We applied scRNA-seq to all 4 cell lines. Fig. 4A shows the UMAP projection of the cell lines. The N1 and SFT1 form distinct clusters in close proximity. Most of the cells are in G1 phase. pHPF cells also form a single cluster, mostly consisting of cells in G1 phase. Interestingly the iHPF cells cluster in two groups (A and B) that surround the primary pHPF cells. The majority of cells in iHPF_A cluster are in G1 phase, while iHPF_B consists of a mix of cells in G1, G2, S, and M phases. To further investigate the identity of these cells, we merged the data with FACS sorted single cell expression data derived from prostate tissue generated by Henry et. al. (Henry, et al., 2018).

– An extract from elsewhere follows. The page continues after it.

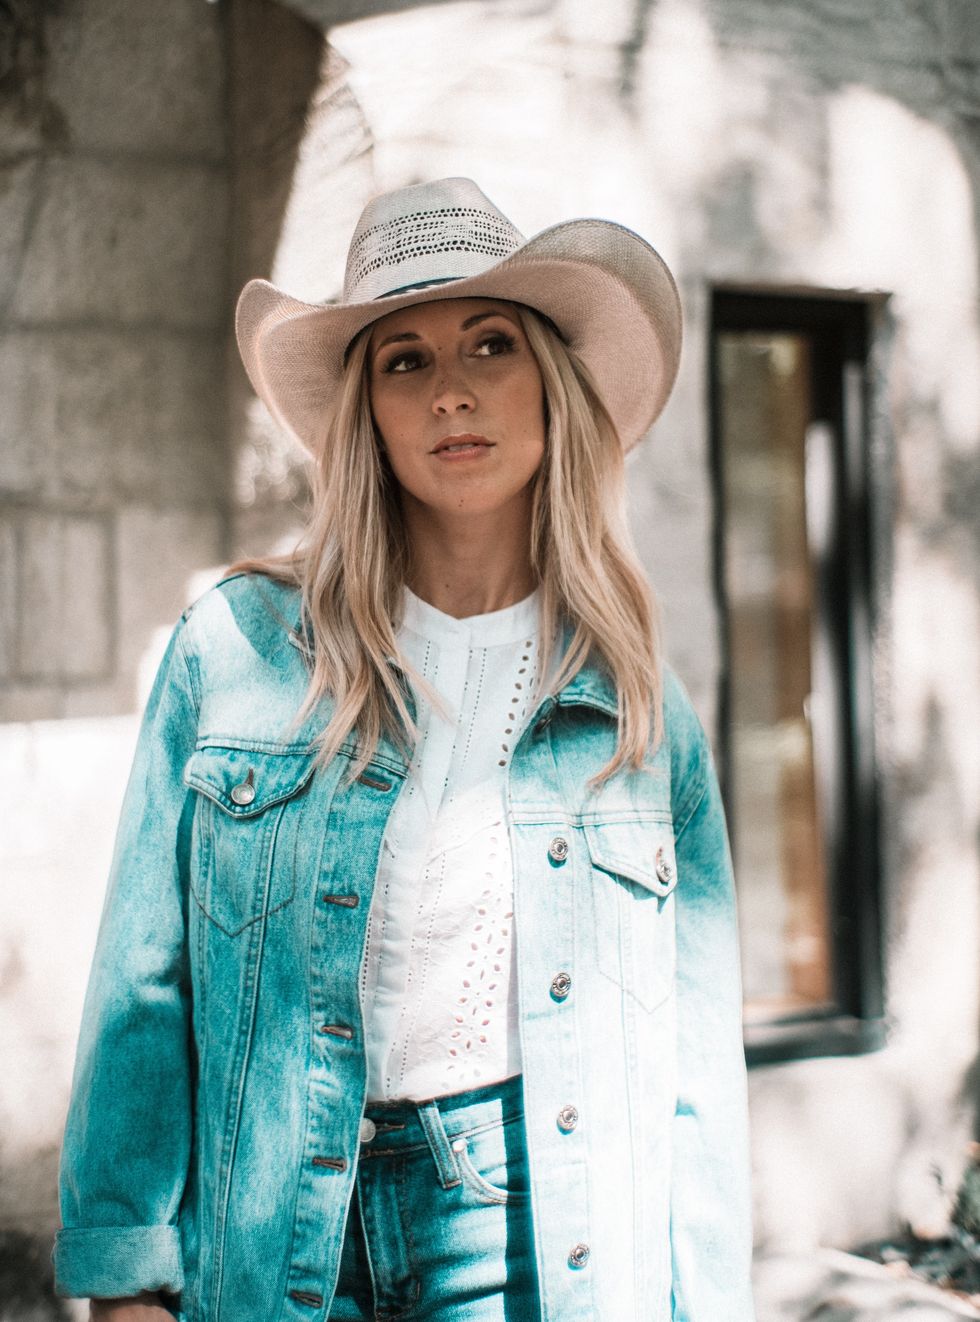 11 Songs To Add To Your 'Heart Of Country' Playlist ASAP, Because 2020 Could Use Some Country

Fig. 4B shows that the RNA expression profiles of the five human prostate fibroblast cell lines N1, SFT1, iHPF_A and iHPF_B, and primary pHPF cells, cluster as expected with that of tissue-derived human prostate fibroblasts. As seen in Fig. 4C, the five human prostate fibroblast cell lines share a large signature of highly and commonly expressed genes, likely reflecting their common fibroblastic cell type. In particular, all five cell lines express COL1A1 (collagen 1) and VIM (vimentin). Examination of the top 10 differentially expressed genes in the four immortalized cell lines compared to primary human fibroblasts shows that N1 and SFT1 demonstrate a high degree of overlap and commonly express several inflammation-associated genes (CXCL1, ZNFAS1, CHI3L1). The iHPF_A and iHPF_B share a common gene signature as well that includes gene encoding signaling proteins (BEX1, WNT5A), growth factors and pathways (EREG, IGFBP5), and a gene over-expressed in the autoimmune disease, rheumatoid arthritis (TGM2). However, iHPF_B cells also highly express genes that are not expressed by iHPF_A, including several associated with vasculogenesis or angiogenesis (ANGPT1, F3, ADAMT1) or connective tissue and bone growth (TNFRSF11B). This suggests that iHPF_B cells may phenotypically resemble endothelial cells, which can differentiate from fibroblasts (Junker, et al., 2013). Fig. 4E quantifies the average log FC of top expressed markers (Fig. 4C) compared to the background (pHPF). Taken together, these data suggest that a seemingly homogenous culture of primary stromal prostate fibroblasts may comprise several subpopulations as have recently been shown for dermal fibroblasts (Hu, Moore, & Longaker, 2018; Philippeos, et al., 2018).

Fig. 4.

Fig. 4.

Single cell gene expression data from 4 prostate cell lines. A) UMAP projection of cell lines. iHPF shows two separate phenotypes here termed iHPF_A and iHPF_B. Cell cycle phase G1 is prominent in N1 and SFT1, but pHPF cells show significant number of cells in S and G2/M phases. B) Integration single prostate tissue data (Henry, et al., 2018), showing clusters for Fibroblasts (Fib), Smooth Muscle (SM), Basal Epithelia (BE), Luminal Epithelia (LE) and Other Epithelia (OE1, OE2). All 4 cell lines, N1, SFT1, pHPF and iHPF, appear as interconnected clusters, lying between epithelial and fibroblast cells. C) Top expressed genes. Overall, all 5 cell classes share the same highly expressed genes including COL1A1. D) Top 10 differentially expressed genes with respect to pHPF as a reference. Smallest and largest p-values are 1E-128 and 1E-26 respectively. See SI File Tables S2 and S3 for a list of top genes for each cell line, as shown in (C) and (D); Full list of differentially expressed genes is available in SI Table 1. E) Differential expression with respect to pHPF, for the highly expressed genes shown in C. FC of genes in panel C compared to pHPF. Notably, even though collagen expression high in across all groups, it is downregulated in N1 when compared to pHPF.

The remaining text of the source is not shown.